= Antigenic shift =

Process by which two or more different strains of a virus combine to form a new subtype

NIAID illustration of potential influenza genetic reassortment

Antigenic shift is the process by which two or more different strains of a virus, or strains of two or more different viruses, combine to form a new subtype having a mixture of the surface antigens of the two or more original strains. The term is often applied specifically to influenza, as that is the best-known example, but the process is also known to occur with other viruses, such as visna virus in sheep. Antigenic shift is a specific case of reassortment or viral shift that confers a phenotypic change.

Antigenic shift is contrasted with antigenic drift, which is the natural mutation over time of known strains of influenza (or other things, in a more general sense) which may lead to a loss of immunity, or in vaccine mismatch. Antigenic drift occurs in all types of influenza including influenza A, influenza B and influenza C. Antigenic shift, however, occurs only in influenza A because it infects more than just humans. Affected species include other mammals and birds, giving influenza A the opportunity for a major reorganization of surface antigens. Influenza B and C principally infect humans, minimizing the chance that a reassortment will change its phenotype drastically.

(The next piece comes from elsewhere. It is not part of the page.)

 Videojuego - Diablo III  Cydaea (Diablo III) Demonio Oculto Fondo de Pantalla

In the 1940s, Maurice Hilleman discovered antigenic shift, which is important for the emergence of new viral pathogens as it is a pathway that viruses may follow to enter a new niche.

==Role in the transmission of influenza viruses from non-human animals to people==
Influenza A viruses are found in many different animals, including ducks, chickens, pigs, humans, whales, horses, and seals. Influenza B viruses circulate widely principally among humans, though it has recently been found in seals. Flu strains are named after their types of hemagglutinin and neuraminidase surface proteins (of which there are 18 and 9 respectively), so they will be called, for example, H3N2 for type-3 hemagglutinin and type-2 neuraminidase. Some strains of avian influenza (from which all other strains of influenza A are believed to stem) can infect pigs or other mammalian hosts. When two different strains of influenza infect the same cell simultaneously, their protein capsids and lipid envelopes are removed, exposing their RNA, which is then transcribed to mRNA. The host cell then forms new viruses that combine their antigens; for example, H3N2 and H5N1 can form H5N2 this way. Because the human immune system has difficulty recognizing the new influenza strain, it may be highly dangerous, and result in a new pandemic.

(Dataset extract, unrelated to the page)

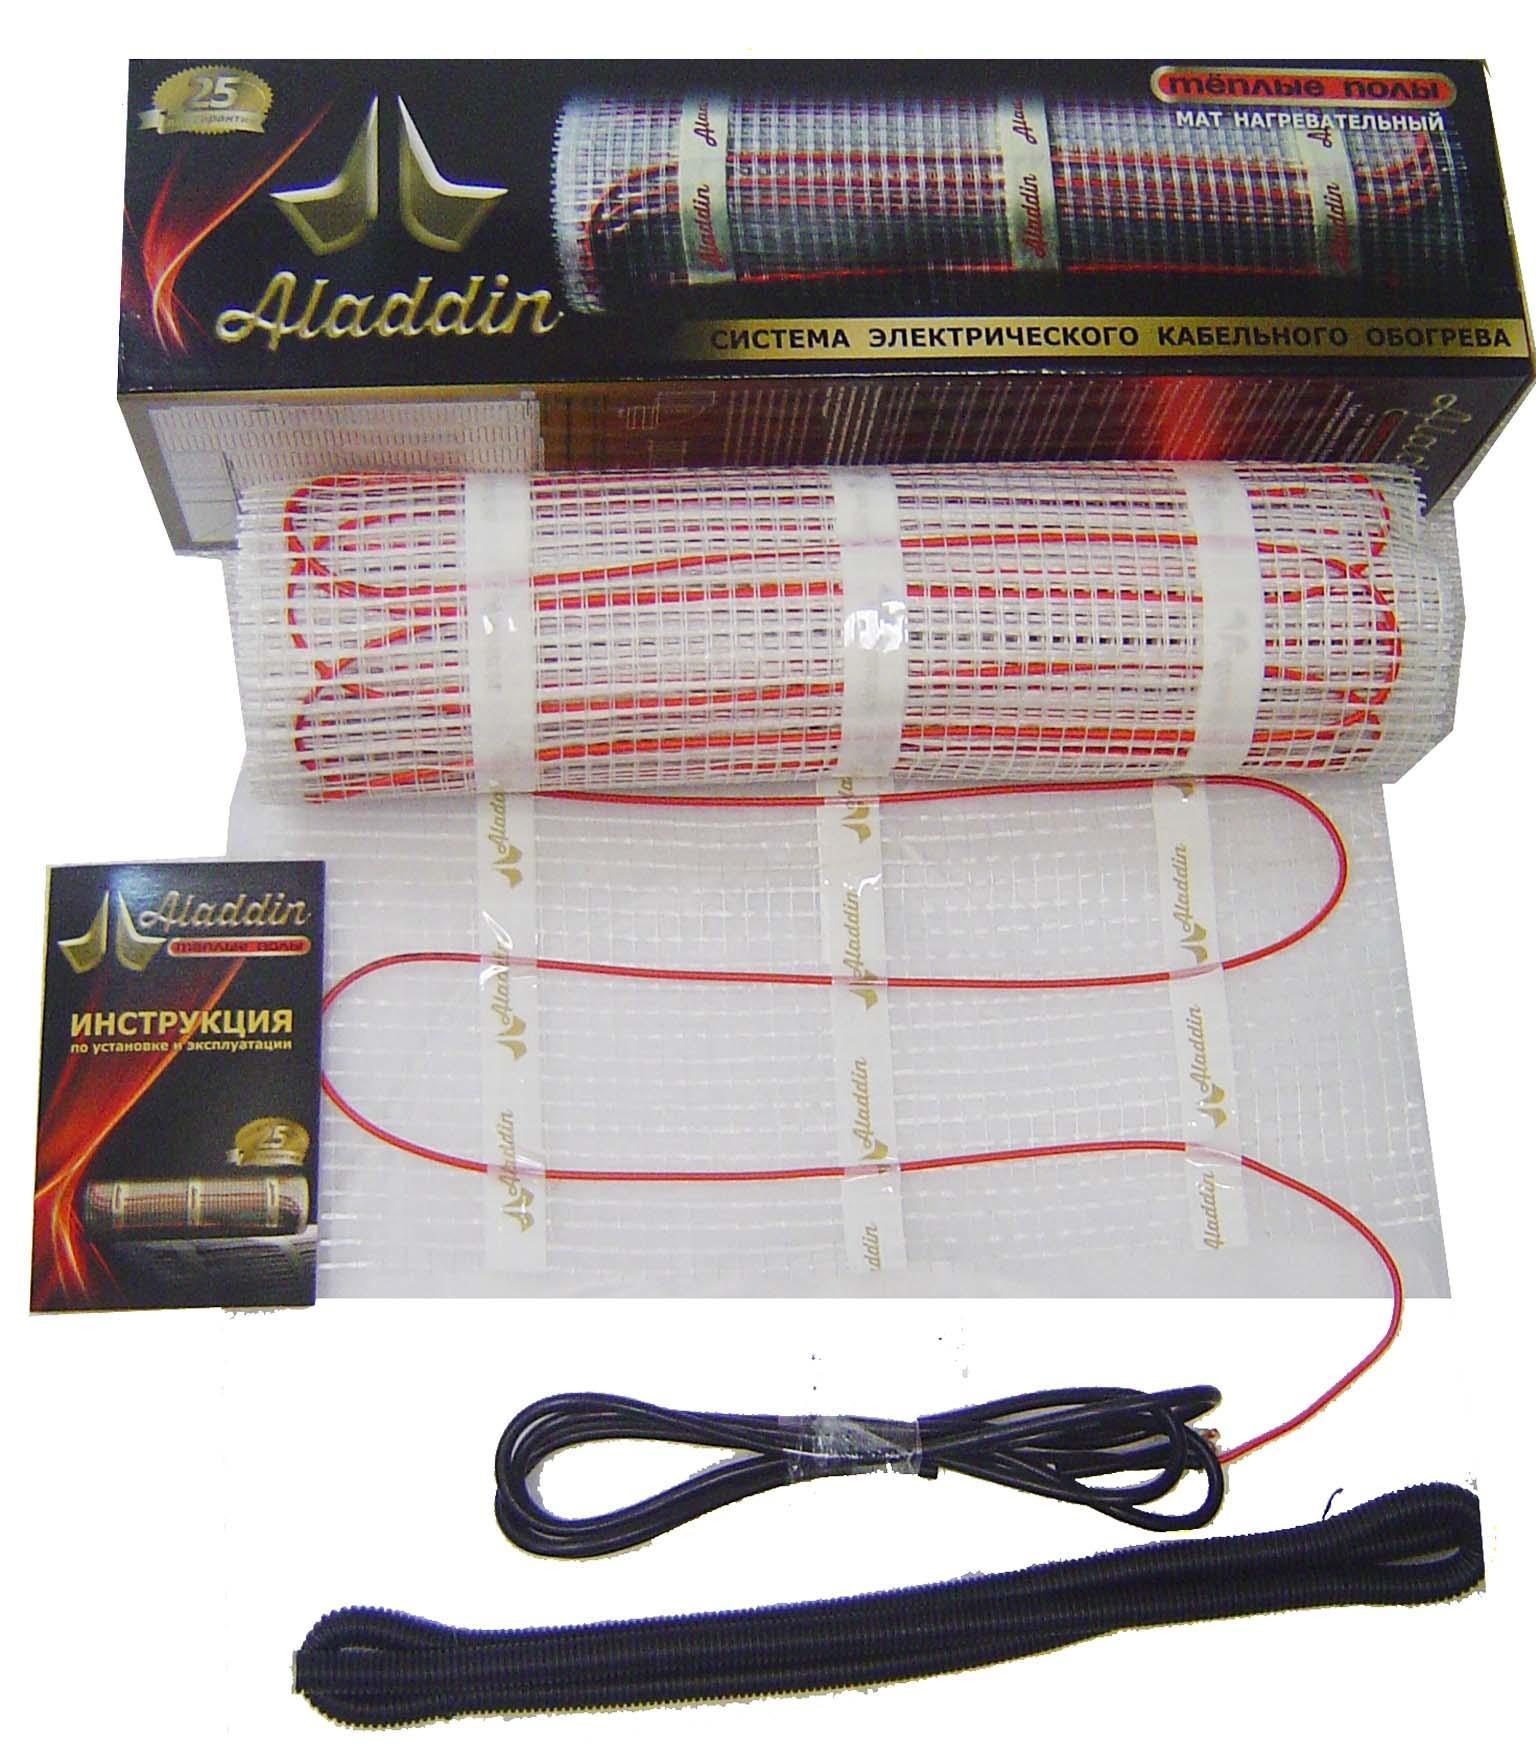 Нагревательный кабель ALADDIN HMT-5,0-750 Ватт

Influenza viruses which have undergone antigenic shift have caused the Asian Flu pandemic of 1957, the Hong Kong Flu pandemic of 1968, and the Swine Flu scare of 1976. Until recently, such combinations were believed to have caused the infamous Spanish flu outbreak of 1918 which killed 40~100 million people worldwide. However, more recent research suggests the 1918 pandemic was caused by the antigenic drift of a fully avian virus to a form that could infect humans efficiently. The most recent 2009 H1N1 outbreak was a result of antigenic shift and reassortment between human, avian, and swine viruses.

== Role of pigs in Influenza antigenic shift ==
Pigs are especially important in antigenic shift of influenza viruses. Because pigs can be infected with strains of influenza that infect various other species of animals, they act as 'mixing pots' for the virus. When multiple virus strains, such as a duck and human influenza strain, infect the same pig, antigenic shift is likely to occur. While most of the virus strains resulting from this will be dead-end strains, a few have the potential to become pandemic viruses.